Here is a link to a thread I did on elliptical arches:

http://www.contractortalk.com/f13/cutting-corners-71544/

I'm sure pro drywall folks have different ways of doing some of this, but I thought you might like to see how this carpenter approached it.


----------



## Frankawitz (Jun 17, 2006)

Bass, Nice work but you could have used metal lath and saved yourself some time and materials. for a plaster job that arch would have been filled with portland then float with plaster. I'll see if I can find some pictures of some big arches I've done.


----------



## d-rock (Oct 17, 2009)

Excellent craftsmanship, to say the least. However, a bit time consuming and profit eating ? Arches can be framed with flex track and rocked. Or as previous post mentioned, lath and plaster.


----------



## basswood (Oct 31, 2008)

Thanks guys,

See, I knew the real plaster guys would have a different way to do it.

Sometimes I do things the hard way... or at least it looks harder, but then again, I'm set up for carpentry--rather than plaster work--so to me your method might look hard, while mine looks easy to me.

This job has arches all over, but I've been doing a room at a time to get the family back into some of the rooms (did office, then mudroom, then utility room, then laundry, now bathroom and next is a hallway). Now that is more work than doing it all at once, but they are glad to be back in the office and be back doing laundry, etc. while I finish the rest. Pros and cons to every approach I guess.

Anyway, another reason for the way I framed the arches is that the last pair of arches are flanking a pocket door. My solid framing should hold up well for the pocket. I'll add pics of that next week.

I sometimes have a difficult time getting real plaster supplies here, so drywall and joint compound are used when something else might be better or more authentic.

Thanks for checking in on this.

Cheers,

Brian


----------



## d-rock (Oct 17, 2009)

experiment with metal framing. it's light, flexible and cheap. A guy with your skills will have no problems with it. However, if your system is working for you, and you're comfortable, it's profitable etc...stick to it.


----------



## basswood (Oct 31, 2008)

d-rock said:


> experiment with metal framing. it's light, flexible and cheap. A guy with your skills will have no problems with it. However, if your system is working for you, and you're comfortable, it's profitable etc...stick to it.

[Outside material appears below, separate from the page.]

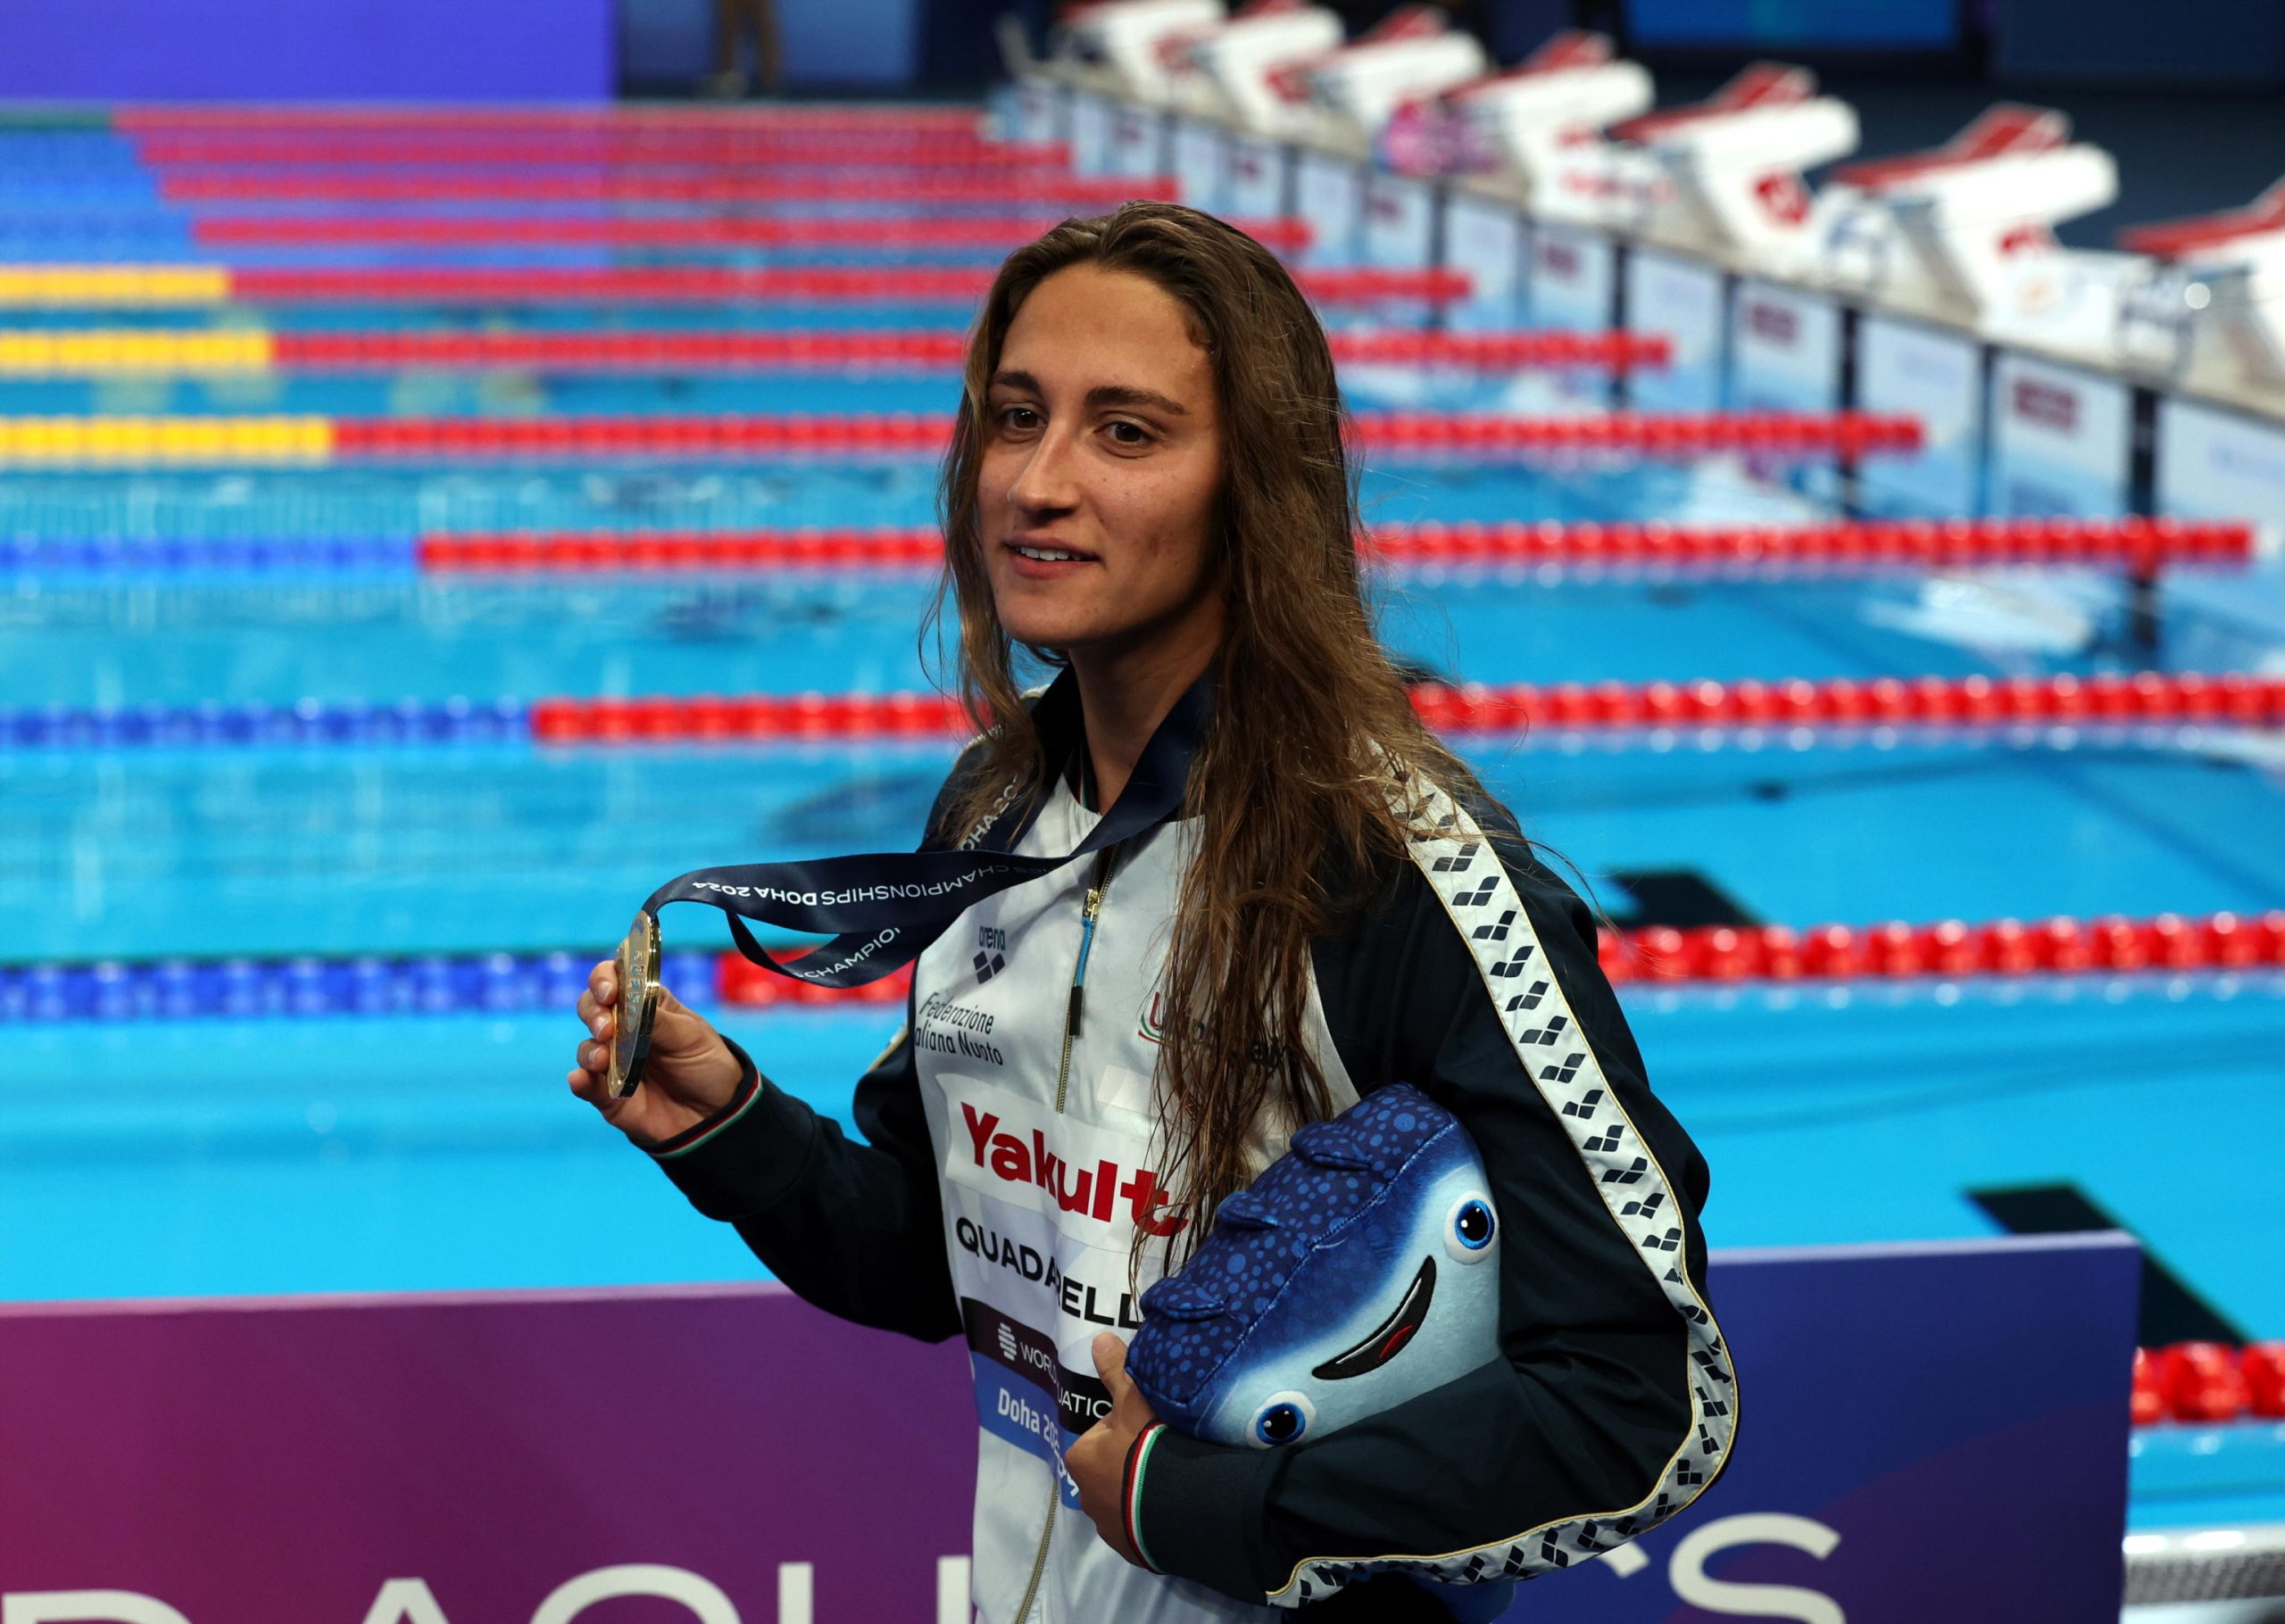 Simona Quadarella mostra la medaglia d'oro negli 800 stile libero conquistata ai mondiali di Doha

I don't think anyone here stocks flex track... could probably be ordered in though. I bid it high enough to make money on it, and it worked, so all's good.

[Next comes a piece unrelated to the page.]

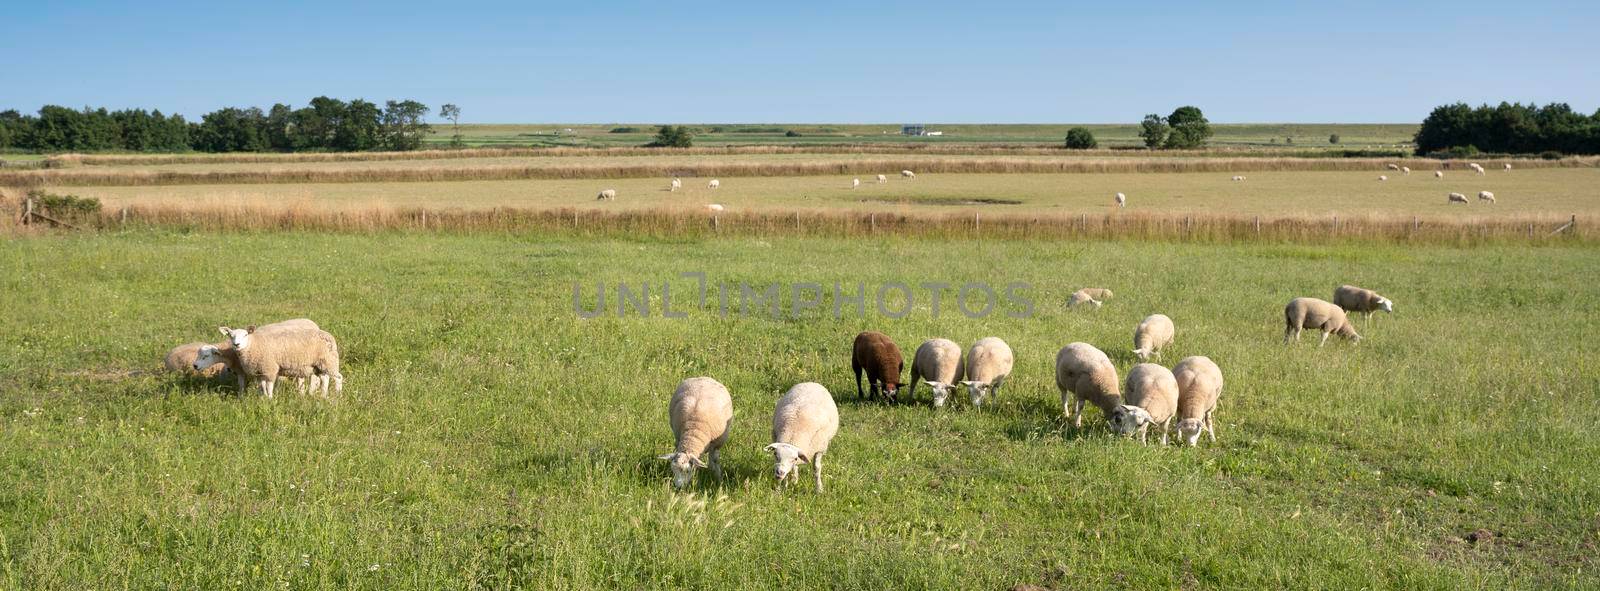 sheep in green meadow under blue sky on dutch island of texel in summer by ahavelaar

I used to work in a steel frame fabrication shop (Rolled Steel Inc.), but I do like working with wood.

I figured you guys would have other methods... I just make this stuff up as I go.

Cheers,

Basswood


----------



## d-rock (Oct 17, 2009)

basswood said:


> I don't think anyone here stocks flex track... could probably be ordered in though. I bid it high enough to make money on it, and it worked, so all's good.
> 
> I used to work in a steel frame fabrication shop (Rolled Steel Inc.), but I do like working with wood.
> 
> ...


 That's what I love about this business :thumbsup: keeps work interesting !


----------